My local state university offers a host of remedial courses in order to bring freshmen up to college requirements. In short, the university is teaching high school courses because school systems have failed our children. There was a time when a student worried about whether his academic scores were good enough to gain college admission.
Daniel,
You simply have to see the movie "Idiocracy" by Mike Judge.
http://www.imdb.com/title/tt0387808/
-- Arik
Things are pretty bleak, but not quite as bleak as that. The reason is the skilled trades: electricians, plumbers, mechanics. These are jobs that don't require college but actually pay pretty well, and for work that the highly educated are increasingly unable/unwilling to do for themselves. These are also jobs that are impossible to offshore because they require physical presence at a location.
These are also the jobs that people worried about illegal immigration are talking about when they talk about illegal immigrants taking jobs away from Americans.
I'm just glad we have quotas to make everything better
I'm working on a blog entry about rethinking our education curriculum as a whole. The premise is that we are not teaching applicable life skills in school in the first place. Grade school should be preparing us for life, not for college. College should be for preparing us for jobs that require specific knowledge. Why should kids graduating high school know how to find the third side of a triangle, given two other sides, but not understand the interstate commerce clause?
Dude, you need to check out the writings of John Taylor Gatto. The man was a New York school teacher for 30 years. He worked with rich kids, poor kids, middle class kids, in private, public, and tutor teaching roles. At the end of 30 years he concluded that schools destroy kids by making them mindless drones that are easy to control, and that our education system was designed for precisely that reason. Check out his book "The Underground History of American Education".
Another problem is that we've lowered the standards so NO ONE CAN FAIL. The result is that both achievers and underachievers are being lumped into the same category, too, too often.
Or worse. Take for example the program where FAILING STUDENTS ARE BEING PAID TO GO TO SCHOOL.
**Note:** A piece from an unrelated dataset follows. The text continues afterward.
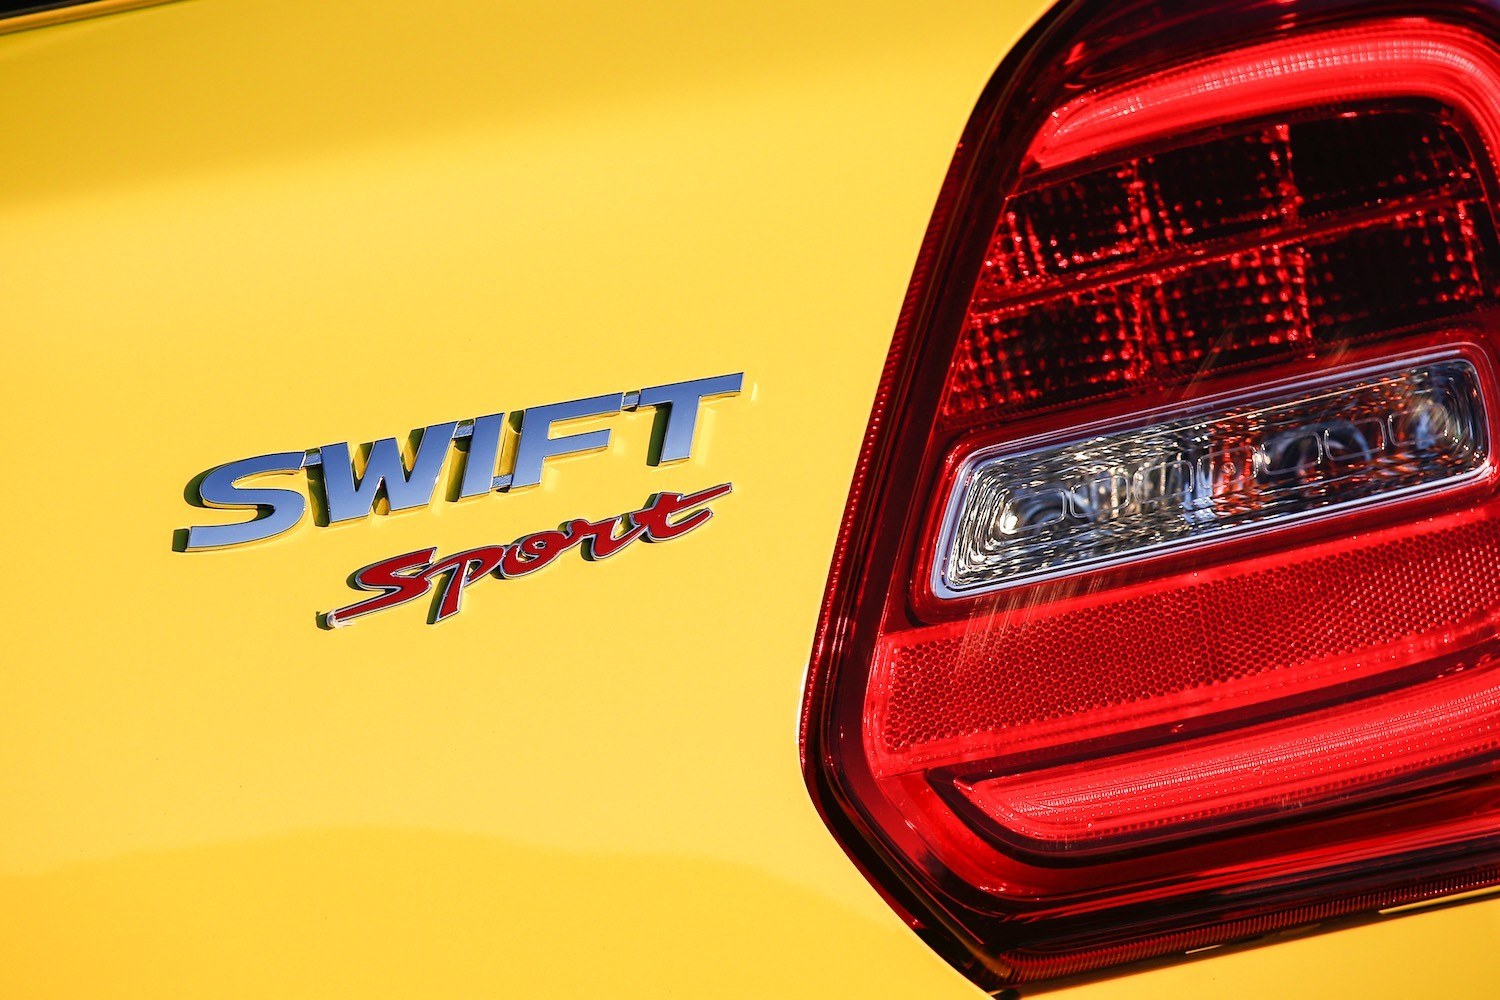 Tim Barnes-Clay drives the All New Suzuki Swift Sport at the European Launch 23

What does this say for the purpose of school? Is it really just to entertain mini-voter tax-veal/cattle until they can't reach out of the trenches and attack their future for the sake of their own prosperity?
-=T=-
There's just not enough jobs to go around. When I lived in Cleveland I helped train people for tech jobs. Most of my students passed and we have done well in entry level jobs but they couldn't find any. So as a PR stunt for the Mayor at the time (Jane Campbell) we hired one at the company I worked for but we let him go a couple months later because we could get someone better for the same pay.